Example B: Resigned mid-month, with actual earnings approach

  • Monthly basic: PHP 24,000
  • Last day: May 15
  • Basic salary earned Jan–Apr: PHP 24,000 × 4 = PHP 96,000
  • Basic salary earned May 1–15 (assuming half-month basic): PHP 12,000
  • Total basic earned: PHP 108,000
  • Pro-rated 13th month: PHP 108,000 ÷ 12 = PHP 9,000

(Actual payroll proration may use daily rate and actual working days; the method should track actual basic salary earned.)


What Employees Should Prepare (Evidence and Documents)

If there is a dispute, these are useful:

  • Employment contract and compensation terms
  • Payslips showing basic salary and pay components
  • Certificate of employment / resignation acceptance
  • Final payslip / final pay computation sheet
  • Proof of partial 13th month payments (if any)
  • Company handbook or policy (to show what is promised, though statutory minimums prevail)

What Employers Should Do (Compliance Checklist)
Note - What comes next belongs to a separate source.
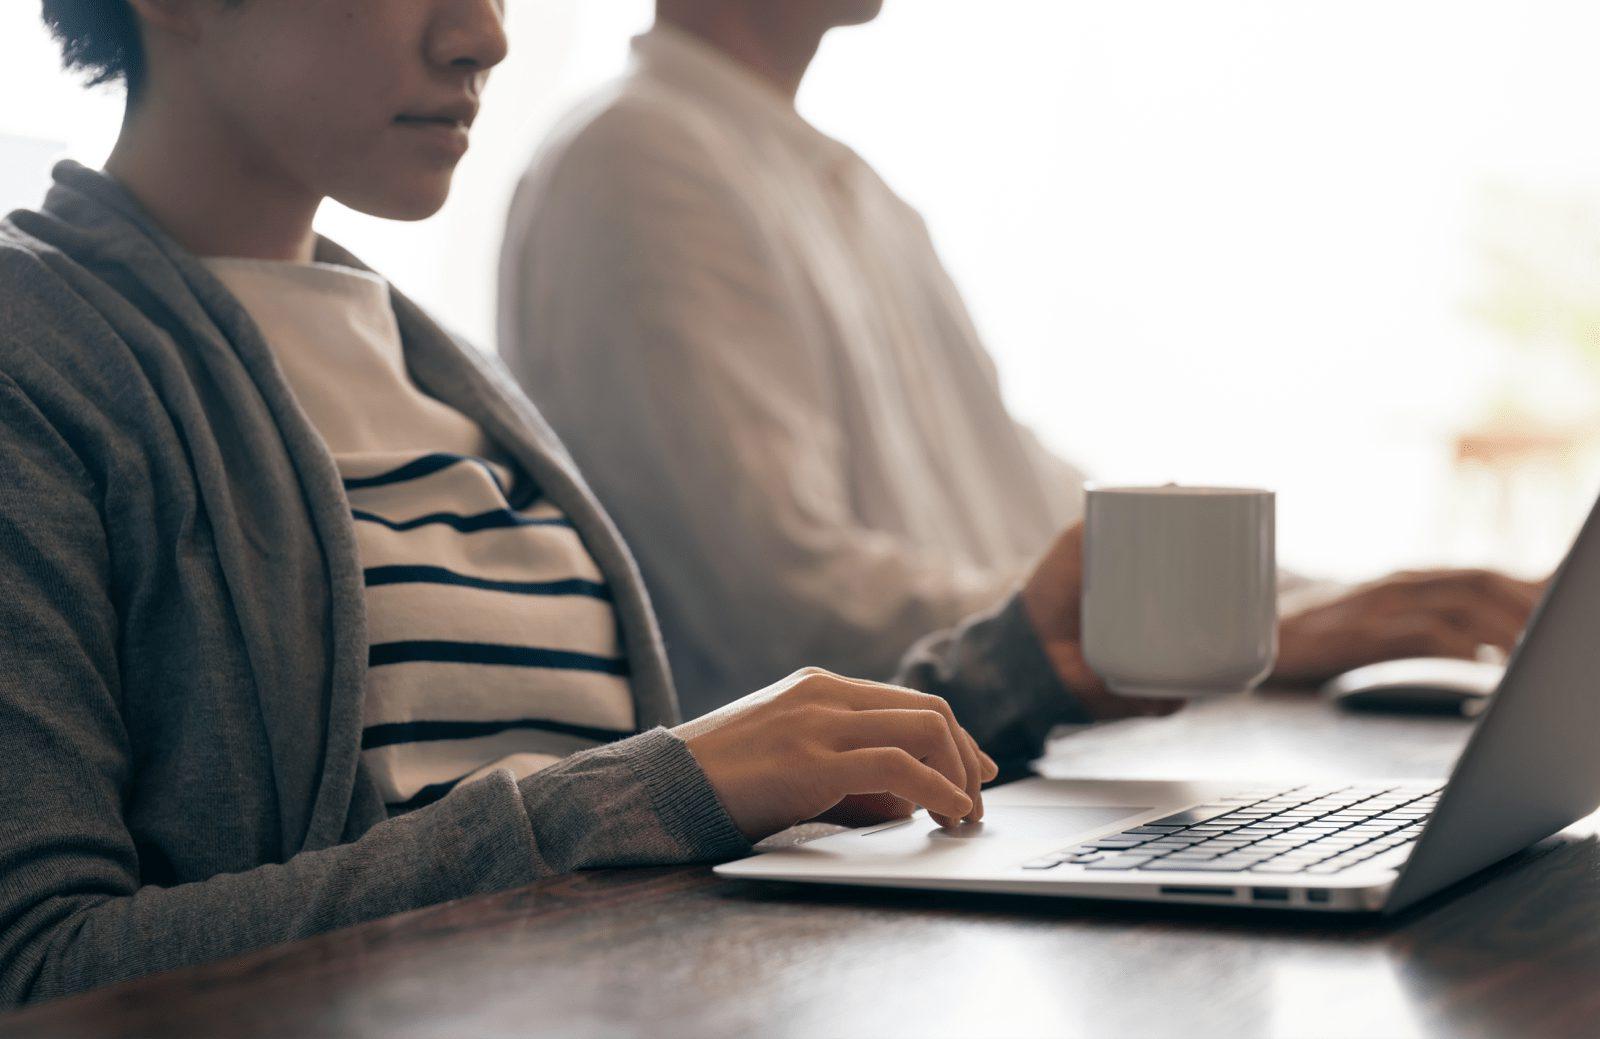 コーヒーを飲みながら仕事をする男性

  • Determine whether the employee is covered or exempt based on duties and classification
  • Compute pro-rated 13th month based on total basic salary earned in the calendar year up to separation
  • Include the pro-rated amount in final pay
  • Provide a clear breakdown of computation and any lawful deductions
  • Avoid forfeiture clauses for statutory benefits
  • Ensure any “equivalent benefit” program truly meets legal requirements and is properly documented

Bottom Line

A resigned employee in the Philippines can still receive 13th month pay—specifically, the pro-rated 13th month pay corresponding to the basic salary earned during the calendar year up to the resignation/separation date, so long as the employee is within the law’s coverage. Resignation is not a legal ground to forfeit an earned statutory minimum benefit.

Disclaimer: This content is not legal advice and may involve AI assistance. Information may be inaccurate.